AVAILABLE DATA:
▼

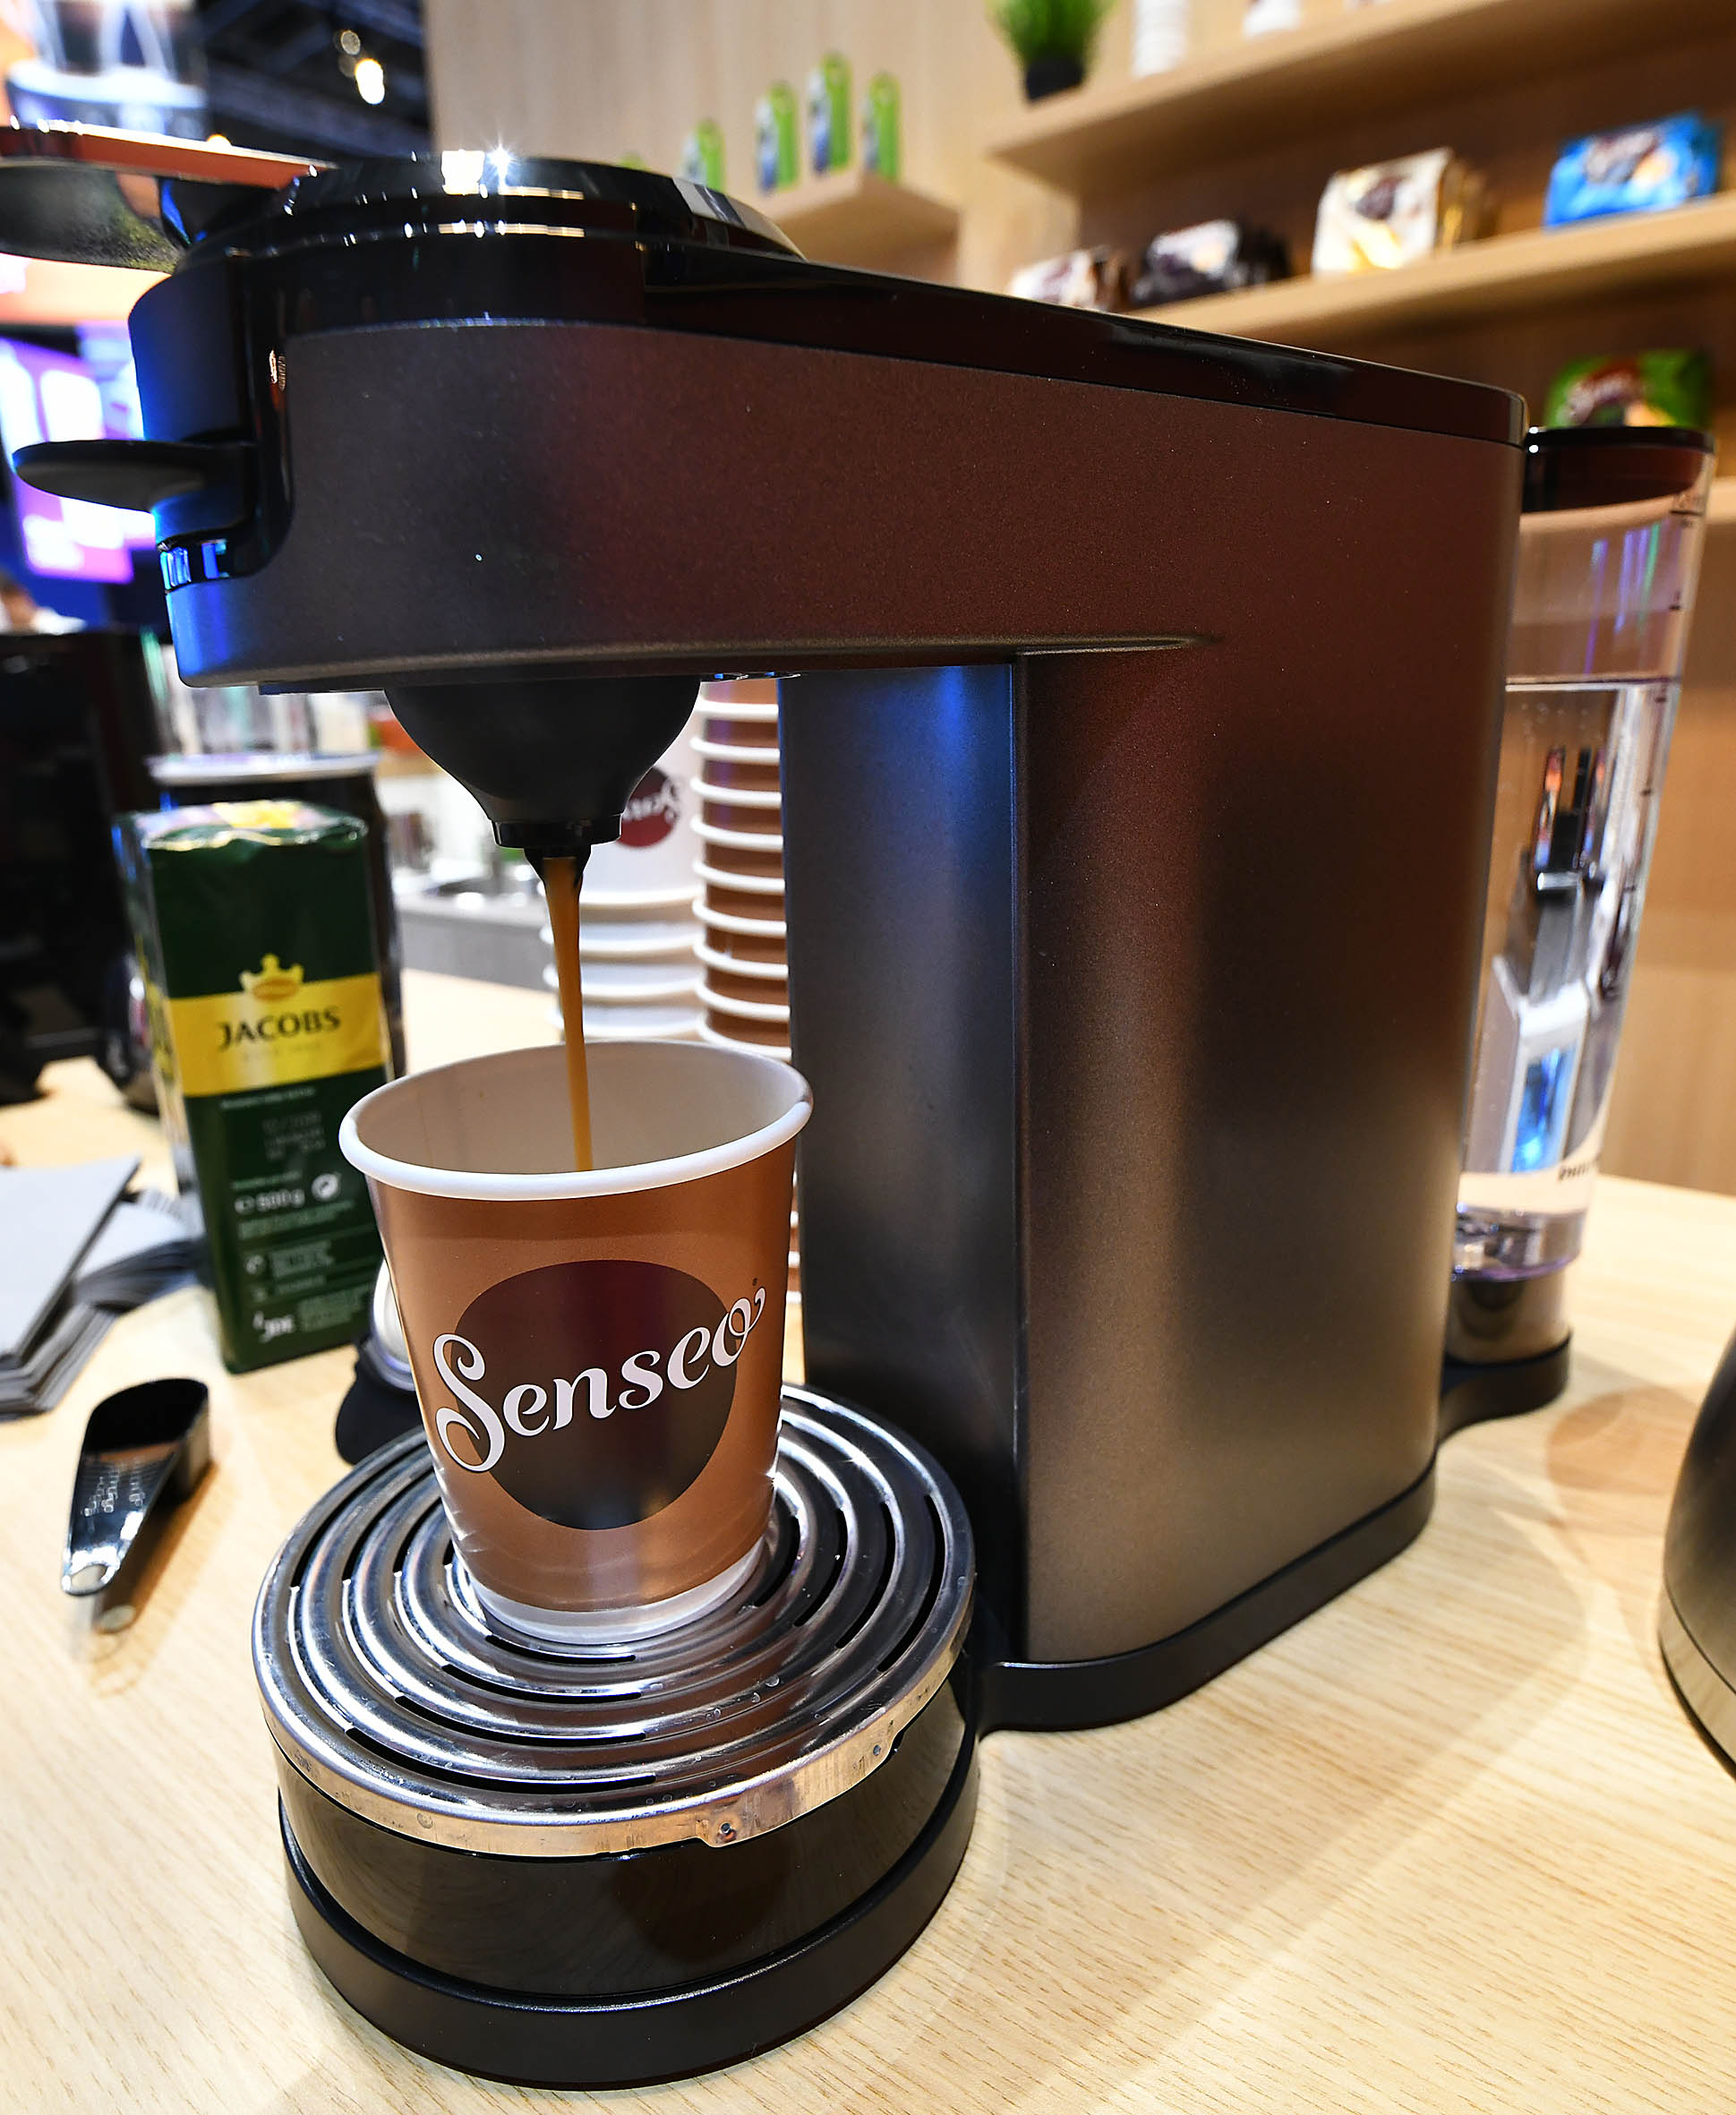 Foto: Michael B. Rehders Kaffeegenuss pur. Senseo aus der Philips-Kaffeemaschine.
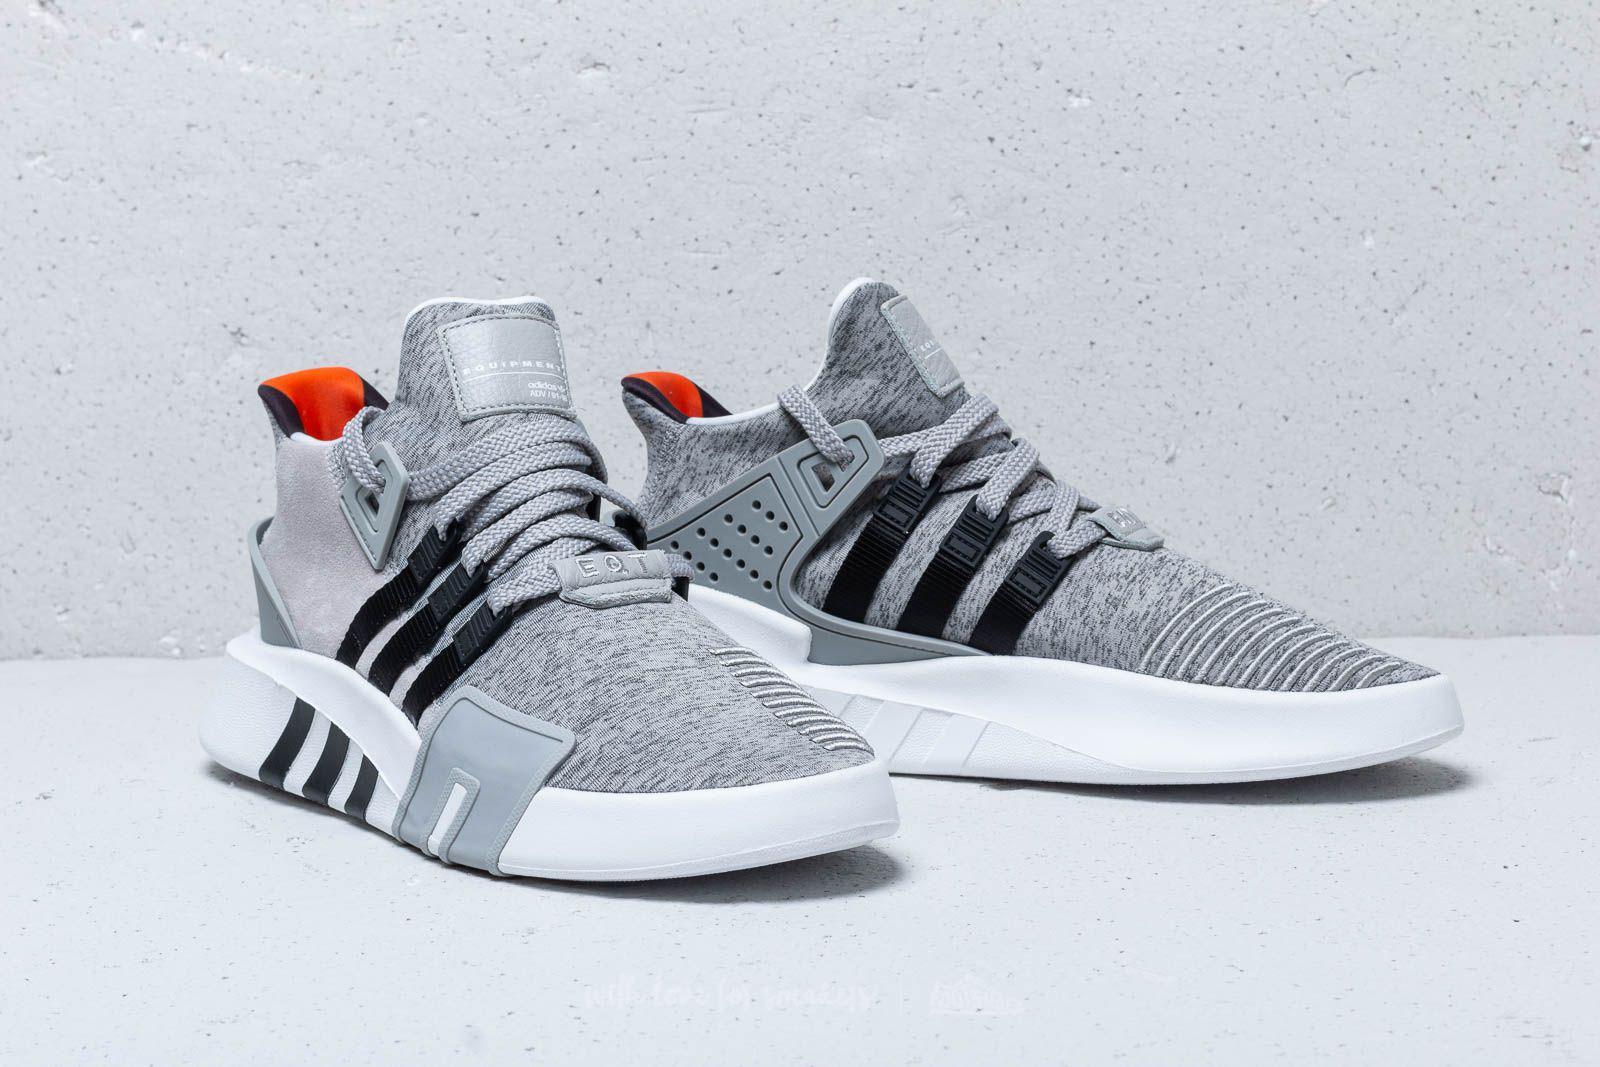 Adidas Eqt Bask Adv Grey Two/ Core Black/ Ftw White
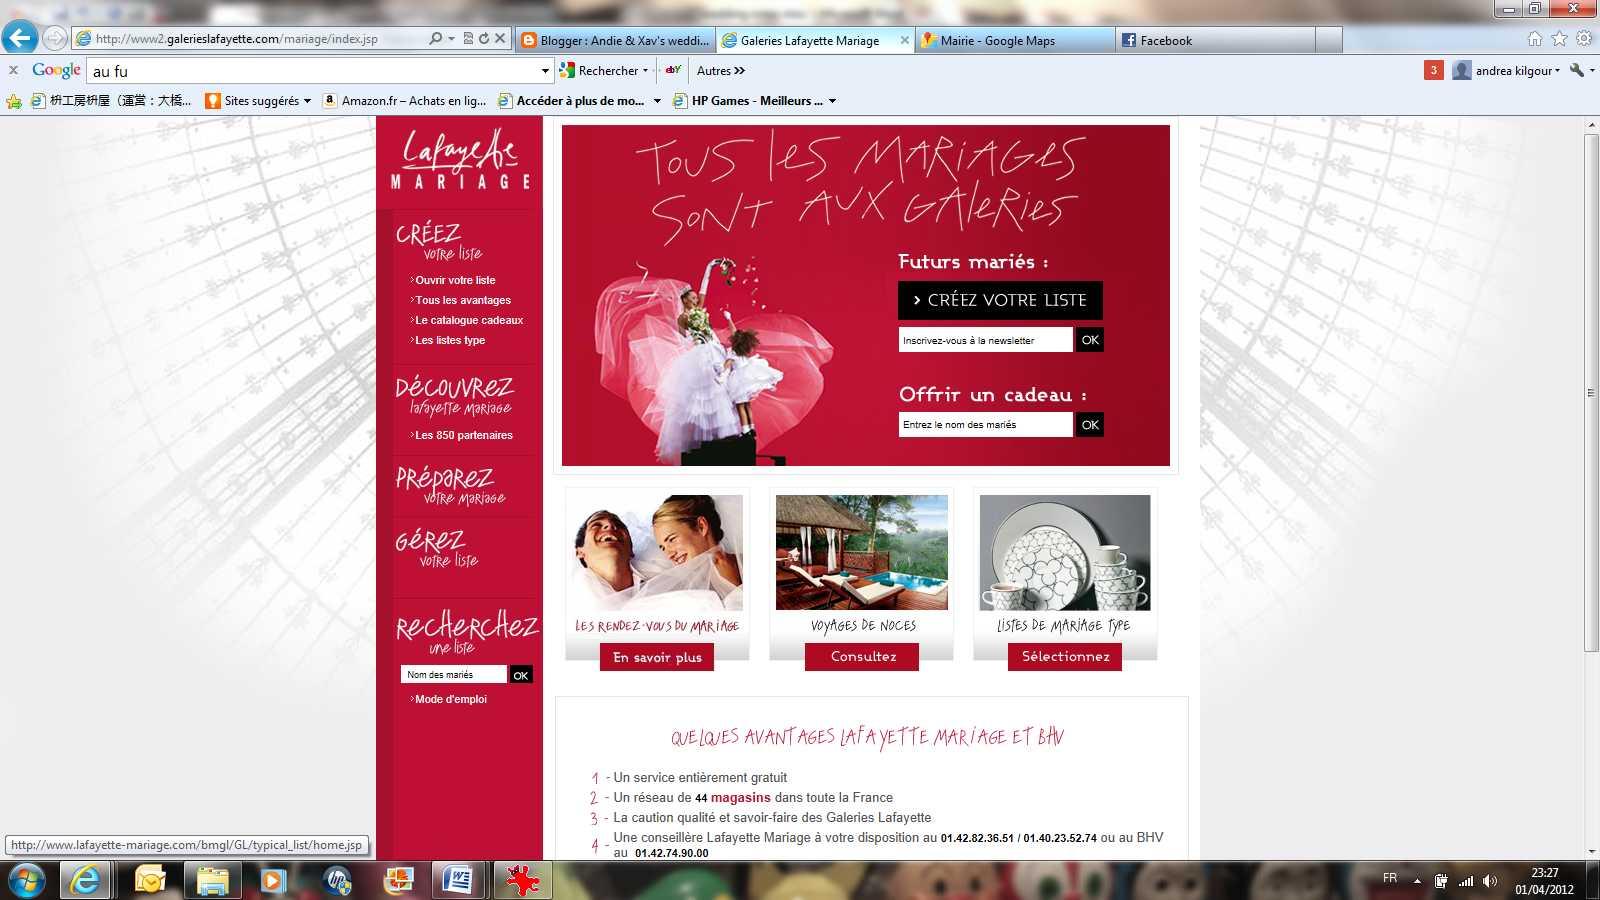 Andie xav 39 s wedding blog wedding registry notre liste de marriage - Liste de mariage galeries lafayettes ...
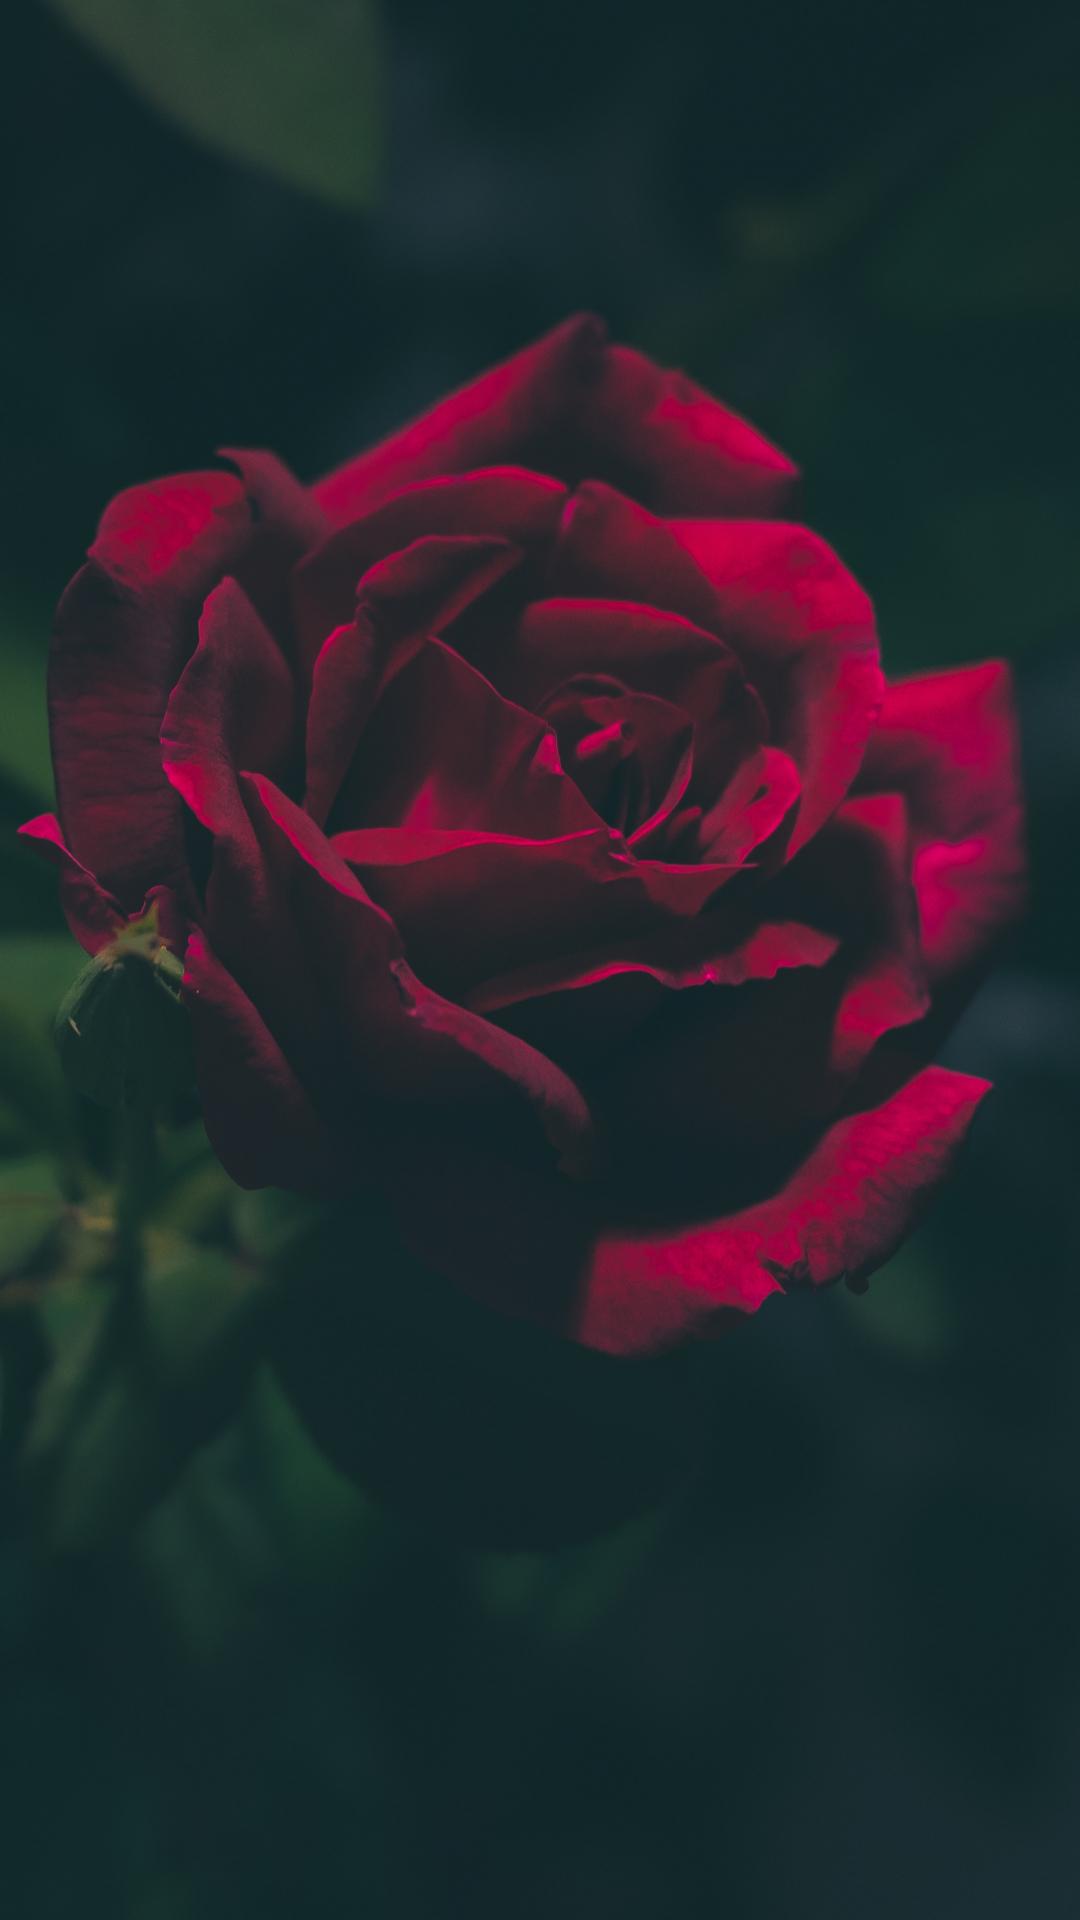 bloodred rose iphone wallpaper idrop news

▲

TASK DETAILS: Copy out the listing above in full and keep the pictures out.

THE ANSWER:
 Foto: Michael B. Rehders Kaffeegenuss pur. Senseo aus der Philips-Kaffeemaschine.
 Adidas Eqt Bask Adv Grey Two/ Core Black/ Ftw White
 Andie xav 39 s wedding blog wedding registry notre liste de marriage - Liste de mariage galeries lafayettes ...
 bloodred rose iphone wallpaper idrop news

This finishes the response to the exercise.